In order for the entire network to function, there should be someone in charge to take care of it. In the case of Bitcoin, it’s not centralized party but rather thousands of computers that host the entire Bitcoin network, maintain it and take care of its security.
Everyone can do it and all he needs is a powerful computer and the program to run on that computer and he will become part of it. In this process, new coins are being produced and given as a reward for those who are working on verifying users’ transactions and making sure that everything is according to the rules.
Since the process of creating new coins is similar to the process of mining and refining Gold, this process is called mining.
Miners are getting two types of rewards for their work after the creation of every block.
What type of reward Bitcoin miners get?
Firstly, miners get the block reward. For every block that was created, there is a certain amount of Bitcoins that goes to the miners. If the miner verified the transaction that was added to the block, he is going to receive his part of the share.

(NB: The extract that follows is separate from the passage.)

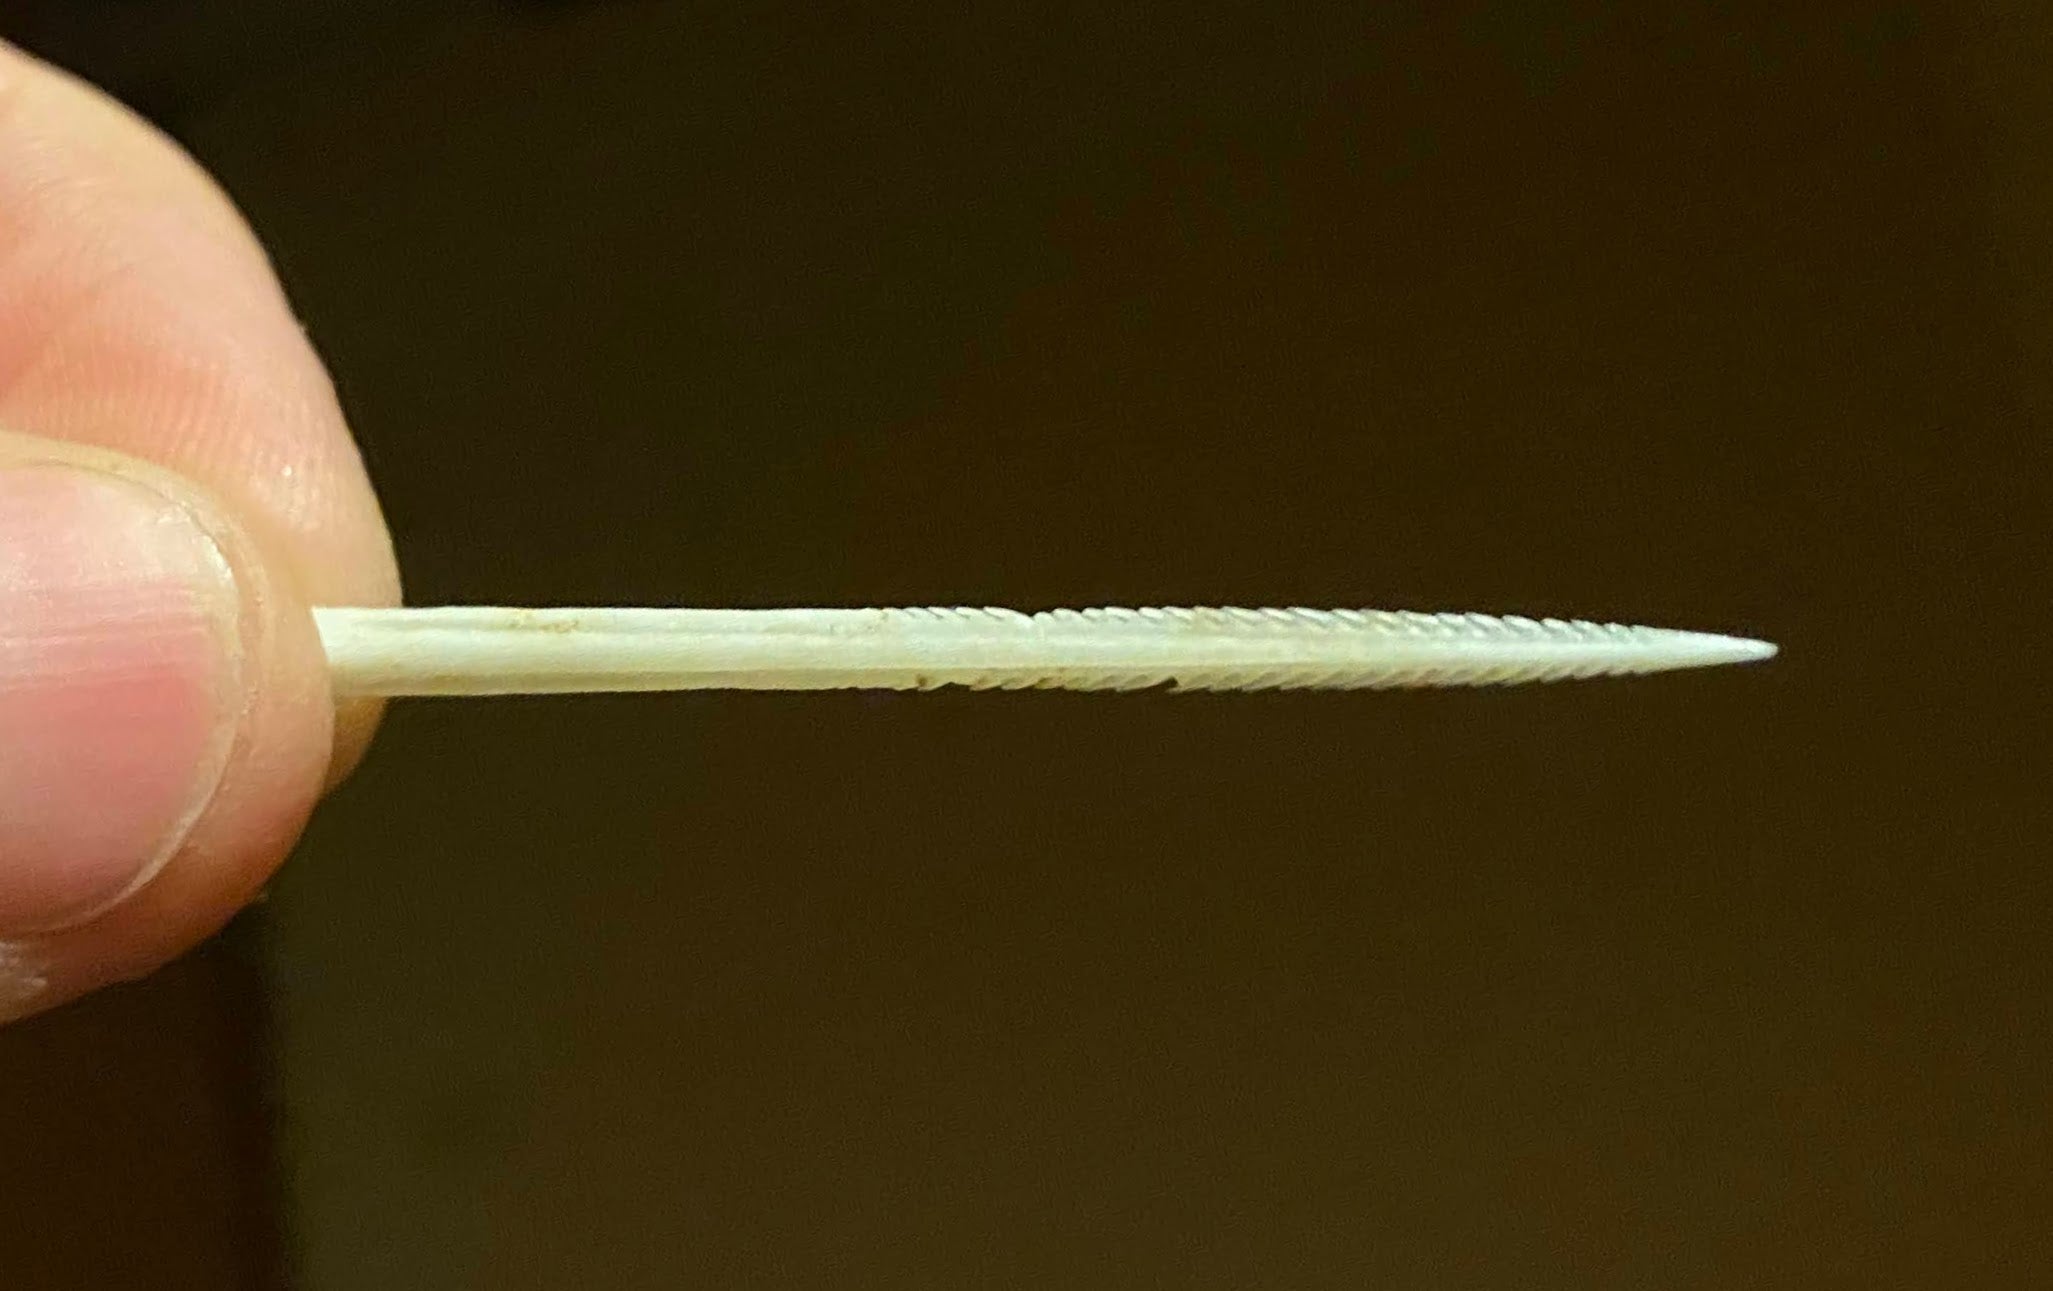 A stingray barb showing the serrates spines
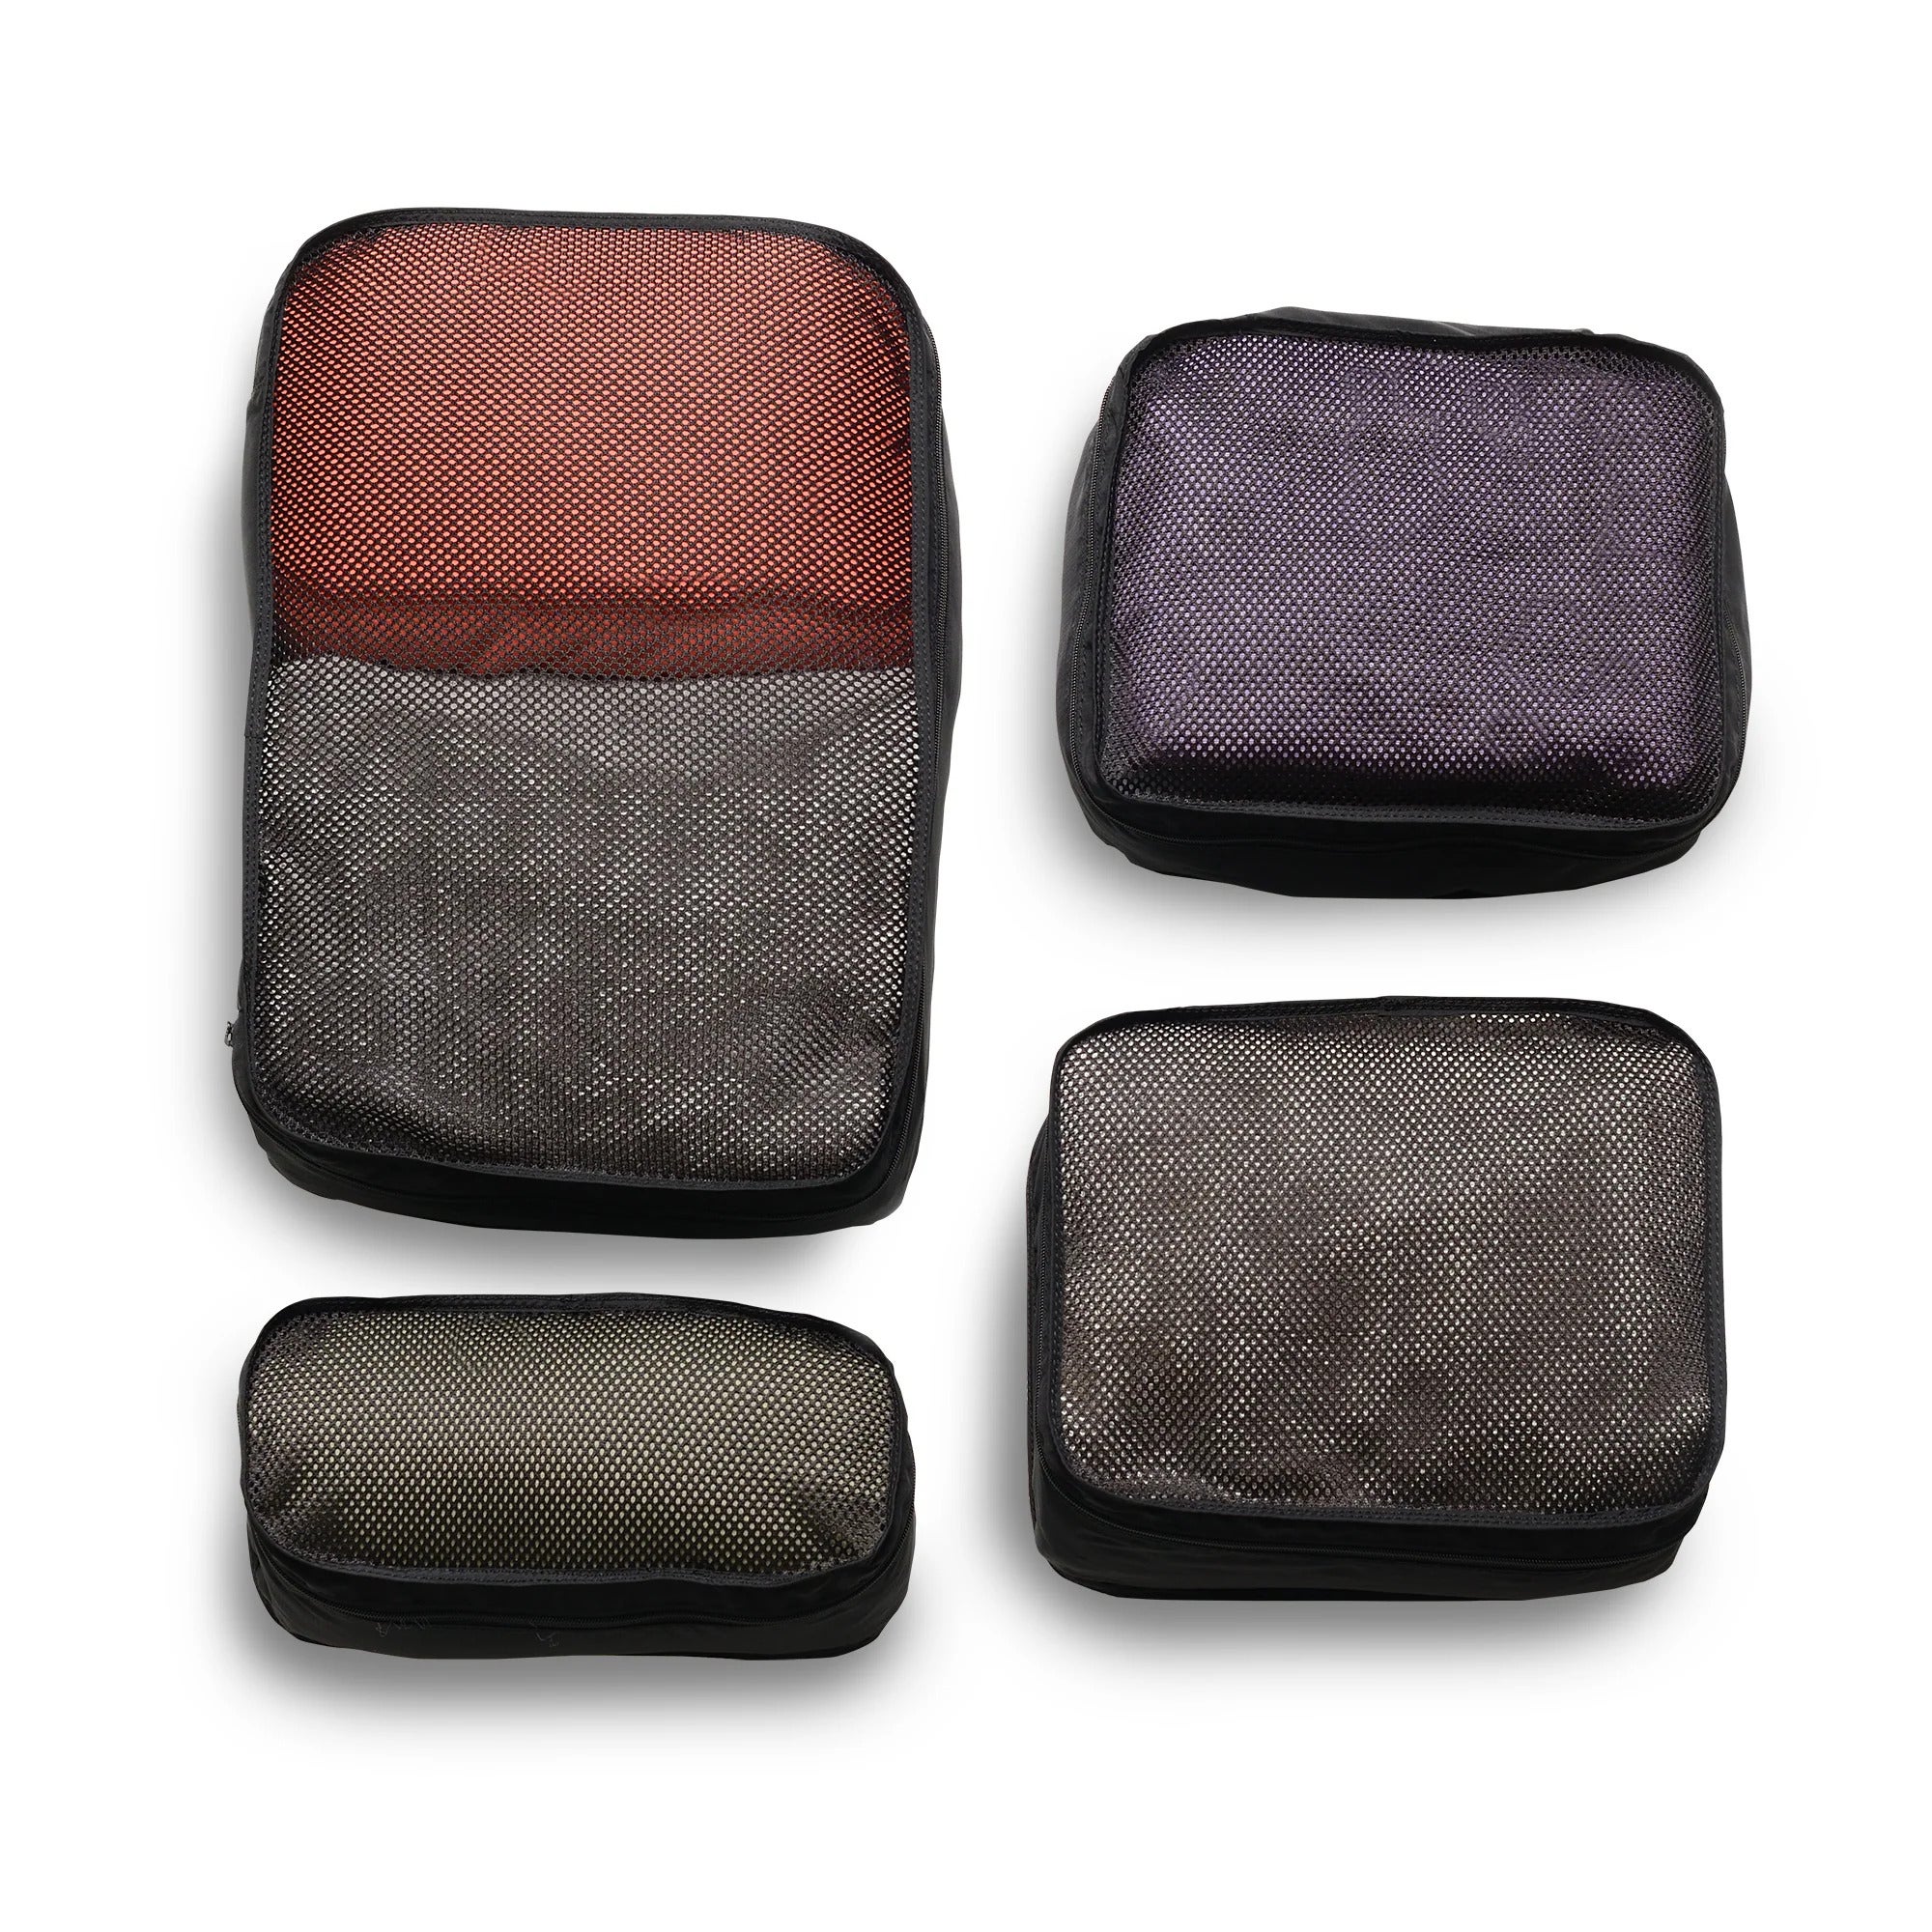 Set of 4 packing cubes

The second reward is the transaction fee that is paid by users for verifying their transactions. Miners require a lot of computational power. The more the power you have, the more the chances you have that you are going to find first the solution to the mathematical problem because only the first who solve the problem is going to receive the reward.
The increase of miners will cause an increase in the difficulty of solving the mathematical problem.
It means that miner reward will decrease.
That’s why mining is currently considered as not so profitable because it requires a lot of computing power and what is an even bigger problem is that you are competing with mining conglomerates with enormous mining power and your chances to be the one that is going first to find the solution are not so big.
Mining is deflationary which means that the number of mined coins is dropping. As it is declared by bitcoin white paper, every four years mining reward is halved.
Currently, miners are getting 6.25 Bitcoins per block.
As it was defined in the white paper, the last Bitcoins will be mined around 2140.
What will happen once all Bitcoins are mined?
Once the last Bitcoin is mined in 2140, miners will still be rewarded for processing transactions by receiving transaction fees. By then, blocks will also be bigger and contain more transactions which will give miners a larger aggregate of fees.
Considering that by 2140 the increase in price will happen and also increase in the number of transactions in each block, it leads to the conclusion that mining will still attract interest.